25 May, 2016
In the recent case of Cofely Ltd v Anthony Bingham & Knowles Ltd  EWHC 240, England’s High Court made an order for the removal of the arbitrator (Anthony Bingham), pursuant to section 24 (1)(a) of the Arbitration Act 1996, on the grounds of apparent bias, as in the previous 3 years, 19% of the arbitrator’s appointments and 25% of his income had come from cases involving one of the parties in the arbitration proceedings. Further, the manner in which the arbitrator responded to requests for information about his relationship with that party to the arbitration raised a concern.
Cofely Ltd, a major construction company, had appointed Knowles, a well-known firm of claims consultants, in respect of a construction dispute it was involved in. A dispute then arose between Cofely and Knowles, with Knowles claiming that Cofely had breached provisions of the Success Fee Agreement they had entered into.

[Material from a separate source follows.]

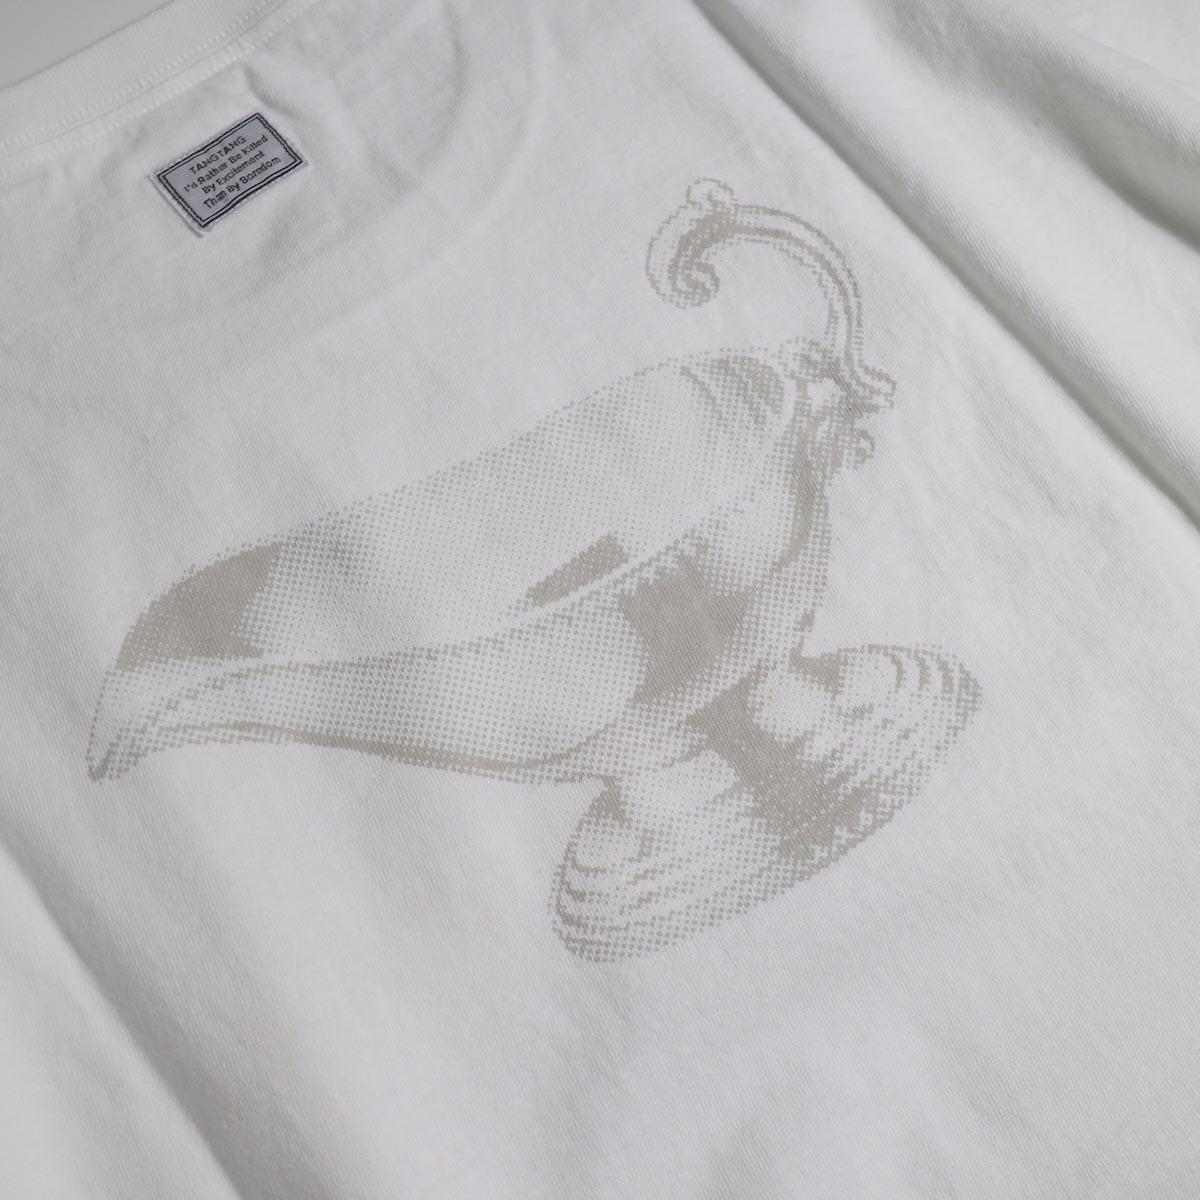 TANGTANG / CURRY -HANDWRITE (White)バックプリント

Pursuant to an arbitration agreement in the Success Fee Agreement, Knowles served notice of arbitration on Cofely and applied to the Chartered Institute of Arbitrators (CIArb) for the appointment of an arbitrator. In the application, Knowles asked for Anthony Bingham to be appointed as arbitrator and stated that it was preferable that the arbitrator had quantity surveying and delay analysis experience. Despite, Cofely’s objection (in their view it was not necessary for the arbitrator to have quantity surveying and delay analysis experience), the CIArb appointed Bingham.
The arbitration commenced and Knowles made an application for a partial award, which the arbitrator granted, finding in favour of Knowles on its claims and directing Cofely to pay it £1 million. Cofely paid the partial award, without challenge.
Subsequently, a judgment was issued in Eurocom Ltd v Siemens plc  EWCH 3710 (TCC), in which the court found that there was a strong prima facie case that Knowles, when applying for the appointment of an arbitrator in that case, had falsely claimed conflicts of interest in respect of some other potential arbitrators, so that Bingham would be appointed. Following the Eurocom judgment, Cofely’s solicitors wrote to Knowles and then also Bingham, requesting information about Knowles’ dealings with Bingham, but Bingham repeatedly questioned the relevance of such and subsequently ruled that the tribunal was properly constituted and that there was no conflict of interest.
Cofely then applied under section 24(1)(a) of the Arbitration Act 1996 to remove Bingham as arbitrator on the grounds that circumstances existed that gave rise to justifiable doubts as to his impartiality. The Court ruled that Cofely was entitled to have Bingham removed as arbitrator and if he would not resign, the Court would grant an order removing him.
The Court referred to the relevant test for apparent bias under Section 24(1) (a) of the Arbitration Ordinance (which reflected the common law test), namely whether the fair- minded and informed observer, having all the facts, would conclude that there was a real possibility that the tribunal was biased.
The Court held that the following in relation to Bingham’s appointment gave grounds for doubt about the appointment and justified his removal:
In the past 3 years he had acted as either arbitrator or adjudicator 25 times in cases involving Knowles as a party or a party representative.
Of those 25 cases, 22 related to cases where Knowles was acting for the claimant/referring party, and 3 related to cases where Knowles itself was the claimant/referring party.
This constituted 18% of Bingham’s total appointments and 25% of his total income as arbitrator/adjudicator over the past 3 years.
In all 25 cases, Knowles had requested the appointment of someone who was both a quantity surveyor and a barrister, which would significantly reduce the pool of possible candidates and increase the likelihood of Bingham being appointed.
The Court also found that the following raised concerns of apparent bias:
In light of the Eurocom case, it was reasonable for Cofely to inquire about the nature of Bingham’s relationship with Knowles, and yet Bingham’s response involved avoiding addressing the requests and instead gave the appearance of seeking to foreclose further inquiry by demonstrating their irrelevance and, moreover, doing so in an aggressive manner.
Although it had been reasonable for Bingham to have called a meeting to address Cofely’s concerns, the meeting instead became a hearing at which Bingham ruled that there was no apparent bias and that the tribunal was properly constituted, when neither of the parties had asked for such ruling. Further, the transcript of that hearing showed how Bingham had effectively cross-examined Cofely’s counsel and did so aggressively and in a hostile and inappropriate manner.
These concerns were further highlighted by Bingham’s witness statement, which showed that he did not recognise the relevance of the relationship information or the need for disclosure and this lack of awareness demonstrated a lack of objectivity and an increased risk of unconscious bias.
The construction arbitration community in Hong Kong is not large. Many arbitrators may have been appointed by the same party or law firm frequently. Whether the Hong Kong Courts will apply this case in considering applications for removing arbitrators in similar situations remains to be seen. Perhaps the way the arbitrator was responding to Cofely’s inquiries was a more important factor in determining whether there was apparent bias.